Подобно малой ошибке о сущности павлушинской цельности, ее мнение о рабочей среде содержало ошибку значительно большую и даже кардинальную. Механически объединенное стенами, расположением машин и лентой конвейера собрание людей — вот как она рисовала себе предприятие. И каждый день после гудка завод распадается на отдельных рабочих, они расходятся по домам и там наконец ведут свою подлинную умственную и духовную жизнь.
Писательница успела возненавидеть внешнюю обстановку своих встреч с Павлушиным. Жалкая пристройка, которую занимала контора цеха, была полна запахом сырой извести, махорки, потной одежды. Мухи. Плакаты: агрикультурные наставления, изможденный узник капитала за решеткой, правила уличного движения (человек на костылях на фоне красного солнца). Столы под бумагой в чернильных пятнах и растушевке от грязных ладоней, пыль, сор в углах, кривые стулья и зыбкие табуреты в гвоздях… О, сколько она посетила таких неряшливых комнат общественного пользования, от домоуправлений до редакций, от захолустных вокзалов до клубных закоулков с эстрадой, где приходится ждать своего выхода, от сберкасс до изб-читален. Но конторка имела еще и свой отвратительный недостаток: пробираться к ней надо было через весь завод.

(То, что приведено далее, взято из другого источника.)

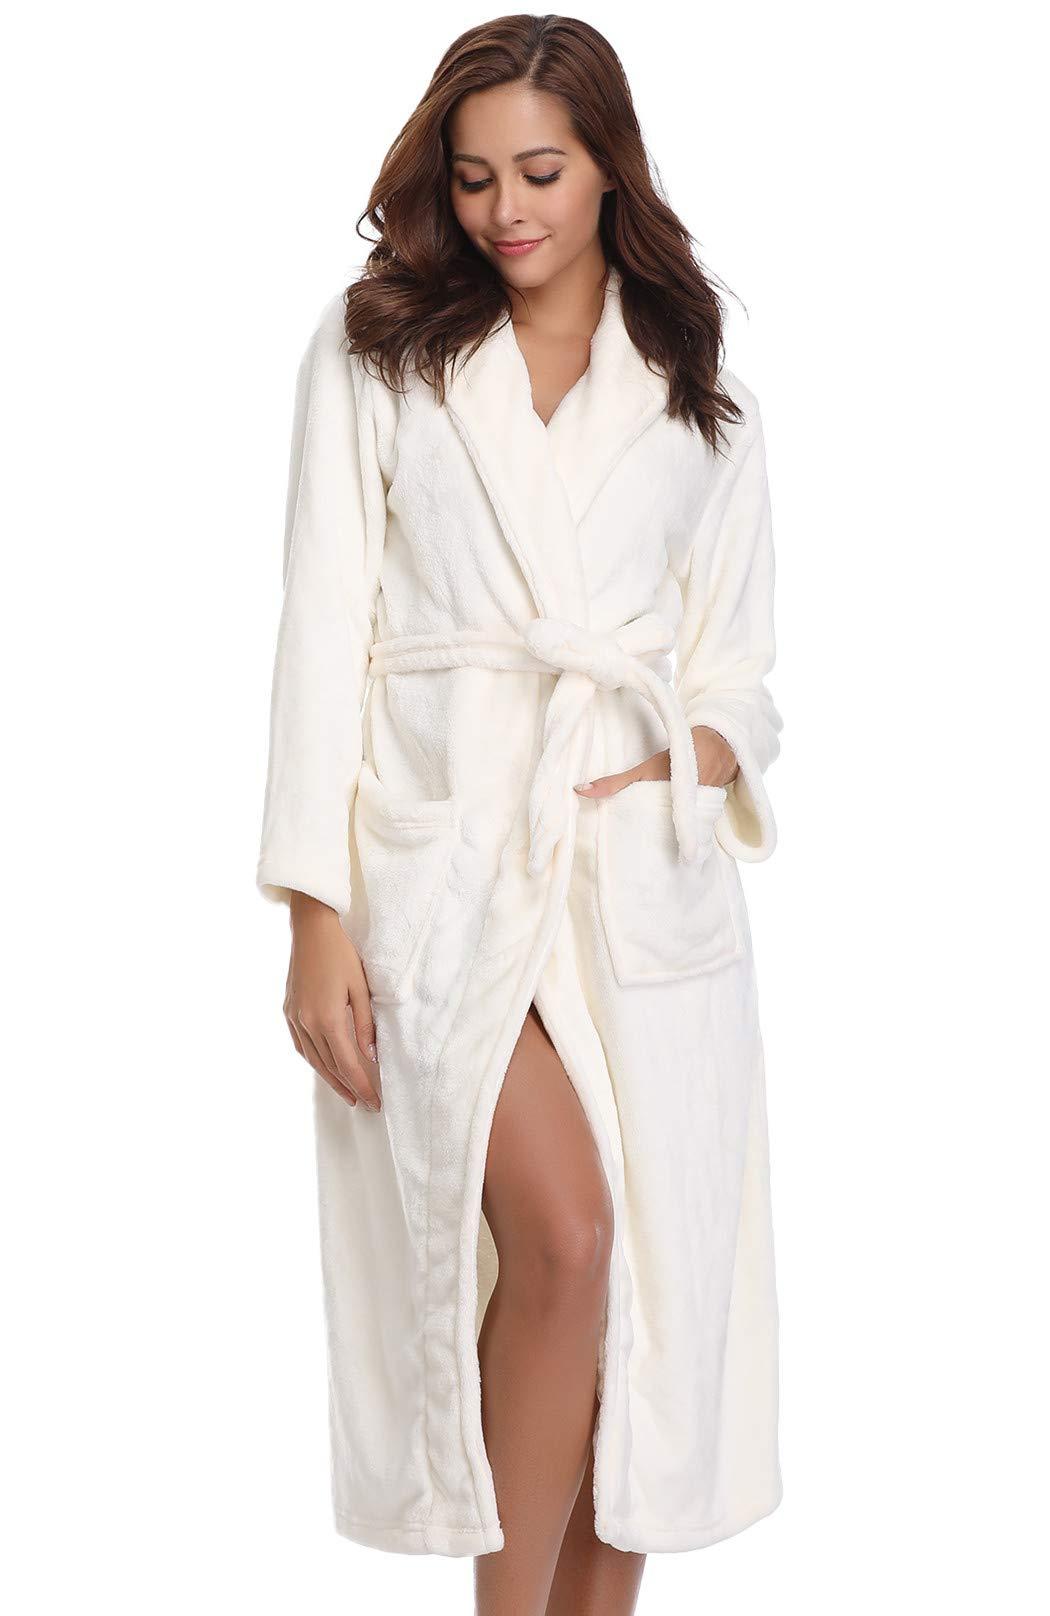 Vlazom Women S Warm Fleece Robe With Hooded Soft Plush Bathrobe Fluffy Long House Coat

До сегодняшней встречи и беседы писательница удивлялась, как могут хозяева, от которых зависит благоустройство собственного существования, мириться с этим запустением и неряшливостью. Люди «ее круга» делали два вывода: или новые хозяева не хозяева, или они вечно будут жить в грязи и бедности. Но теперь, слушая Павлушина, она сделала уже свой вывод: эти люди еще увлечены недавней победой и не обращают внимания на то, что их окружает сор в углах. Больше того, так как сор был и во время боя, он кажется им действительным подтверждением, что сражение произошло и они победили. Если бы она разобрала свои хитросплетения с помощью здравого смысла, то увидела бы, что сор не призван быть вечным и что она подчиняет действительность себялюбию обретенных ею чувств.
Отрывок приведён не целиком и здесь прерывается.